Kaydedilmiş insanlık tarihimiz boyunca Aristoteles, Sokrates ve Platon gibi büyük insanların tümü, kişisel olarak kendi mutluluğumuzda çok önemli bir rol oynadığımızı öne sürüyorlar. Mutluluk peşinde olma hakkımız, Thomas Jefferson tarafından 13 Koloninin Bağımsızlık Bildirgesi’nde de yazılmıştır; ama mutluluğu elde etmek için rehberimiz olarak kullandığımız şey, gerçekten mutluluğa ulaşmak için çok önemlidir.
Bağımsızlık Bildirgemizin başlangıç paragrafını ve ikinci paragrafının ilk cümlesini okursanız, sahip olacaksınız, benim hissettiğim, mutluluğa nasıl ulaşılacağına dair gerçekçi bir rehberdir. Aşağıdaki Bağımsızlık Bildirgemizin başlangıç bölümlerini kendiniz için okumanız için kopyaladım ve bu arayış için rehberimizin ne olduğuna dair ipucumuzun ne olduğunu düşündüğümün altını çizdim.
On Üç Koloninin Bağımsızlık Bildirgesi
KONGREDE, 4 Temmuz 1776
Onüç Amerika Birleşik Devletleri’nin oybirliğiyle bildirisi,
İnsani olayların Seyri içinde, bir halkın kendilerini diğerine bağlayan siyasi grupları dağıtması ve Dünya’nın güçleri arasında, Doğa ve Doğa Kanunlarının ayrı ve eşit konumu üstlenmesi gerekli hale gelir. Tanrı onlara yetki verir; insanlığın görüşlerine iyi bir saygı, onları ayrılığa iten nedenleri açıklamalarını gerektirir.
Bu gerçeklerin apaçık olduğunu, tüm insanların eşit yaratıldığını, Yaratıcıları tarafından devredilemez belirli Haklarla donatıldığını, bunların arasında Yaşam, Özgürlük ve Mutluluk arayışının da var olduğunu kabul ediyoruz.
Ayrıca bu vatansever kelimeleri ve anlamlarını Hristiyan bakış açısıyla okuyup görüyorum. Bu kelimeleri nasıl yorumladığın belki benim yorumumdan farklı.

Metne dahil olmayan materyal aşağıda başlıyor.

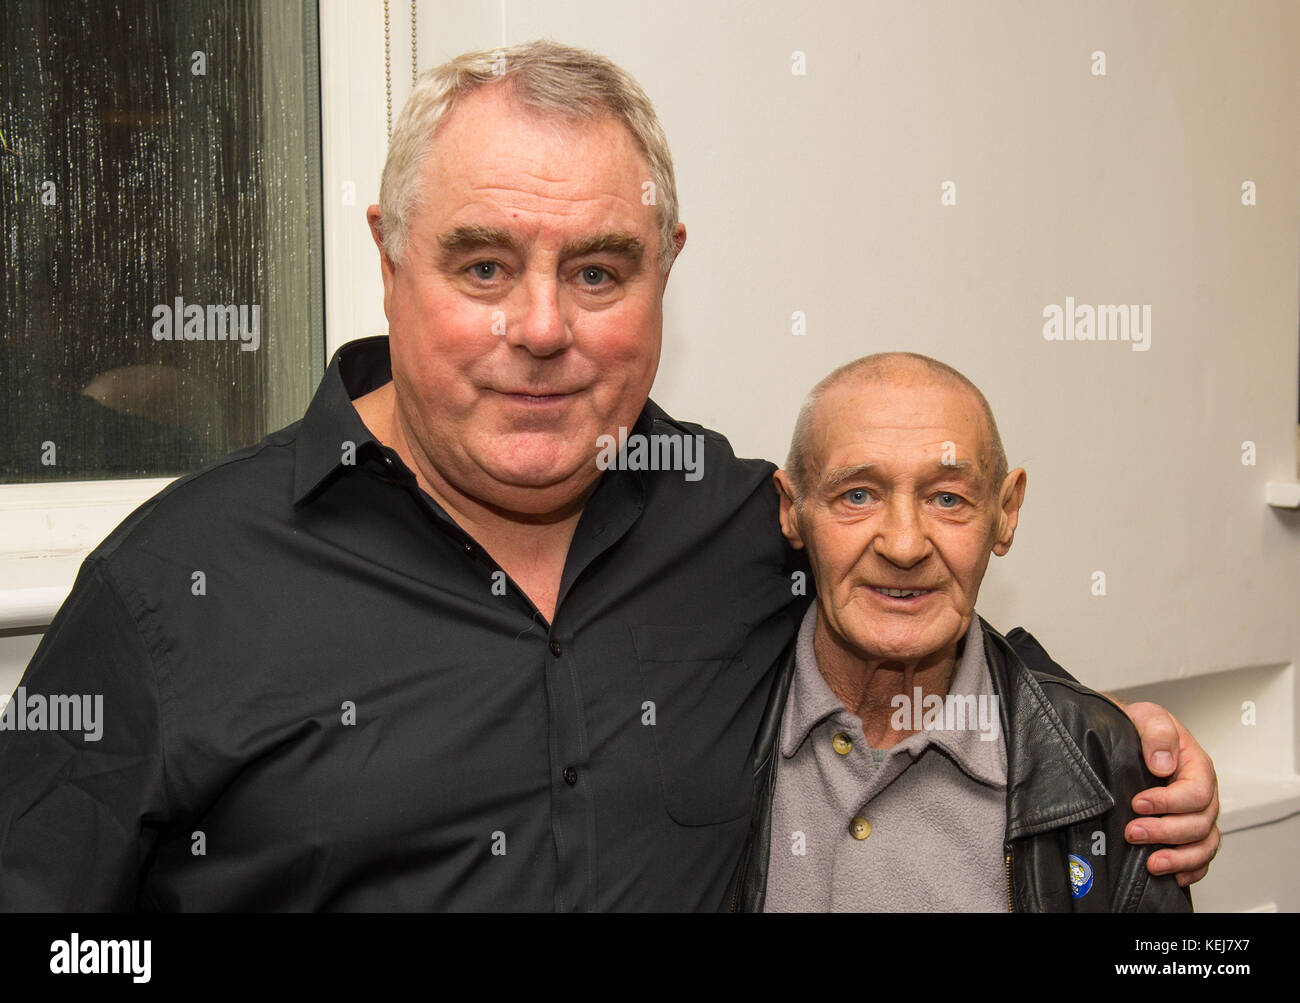 Author Richard O'Rawe (left) with Paddy Hill, who was wrongly convicted for the Birmingham bombing as part of the Birmingham Six, during the launch of the book, &Ocirc;In the Name of the Son&Otilde;, the story of Gerry Conlon, about Guildford Four's Gerry Conlon at the London Irish Centre in Camden. Stock Photo

Göklerdeki Babamızın bizden ilk dileği, O’nunla derin, anlamlı bir ilişki geliştirmemiz ve onunla derin, anlamlı bir ilişkiye sahip olmamızdır. İkinci dileği, hemcinsimize karşı davranışlarımız ve davranışlarımızın kendimiz için yapacağımızla aynı olmasıdır. Bunlar, Babamızın birincil buyruklarıdır, ama aynı zamanda bize (özgür irade) vermesi nedeniyle, bunları yapmamızı sağlamaz, Tanrı’nın çocukları olarak O’nun dileklerini yerine getirmek her birimize kalmıştır. Tıpkı ebeveynler olarak bizler çocuklarımıza talimat verebilir ve rehberlik edebiliriz, ancak dileklerimizi yerine getirmelerini sağlayamayız, onların önemini ve anlamını, onları kendi yaşamlarında karakterlerinin bir parçası olarak benimsediklerini görmelerini umuyoruz.
Her birimiz, hemcinsimize saygı duymaz ve eşit davranmazsak, hayat cehenneme dönebilir. Ayrıca, eğer her birimiz Cennetteki Babamız ile sürekli ve büyüyen bir ilişkimiz yoksa, yaşam yeryüzünde cehennem olabilir ve ölümden sonraki yaşamın ötesinde olabilir.
Farklı yaşam alanlarından, statülerinden ve gelir düzeylerinden insanlar, yaşamlarında her zaman bir şeylerin eksik olduğunu hissettiklerini ifade ettiler ve Cennetteki Baba ile devam eden bir ilişki başlatana kadar bu boşluk dolu görünmüyordu. Tarih boyunca ve günlük hayatımızda bu sürekli hatırlatmalar, mutluluk arayışında ne yapmamız gerektiğine dair rehberimiz için bir neon işareti olmalıdır, ancak atasözü gittikçe Tarih kendini tekrar eder. Bu ifade neden doğrudur? Pek çok insan tarihten ve diğer hatalardan ders almıyor gibi göründüğü için onları tekrarlıyoruz!
Vatansever bir Hristiyan olarak sadece bu makaleyi okuyanların uyanıp kahvenin kokusunu alması ve onları silinmez bir şekilde kalbe alması için dua edebilirim.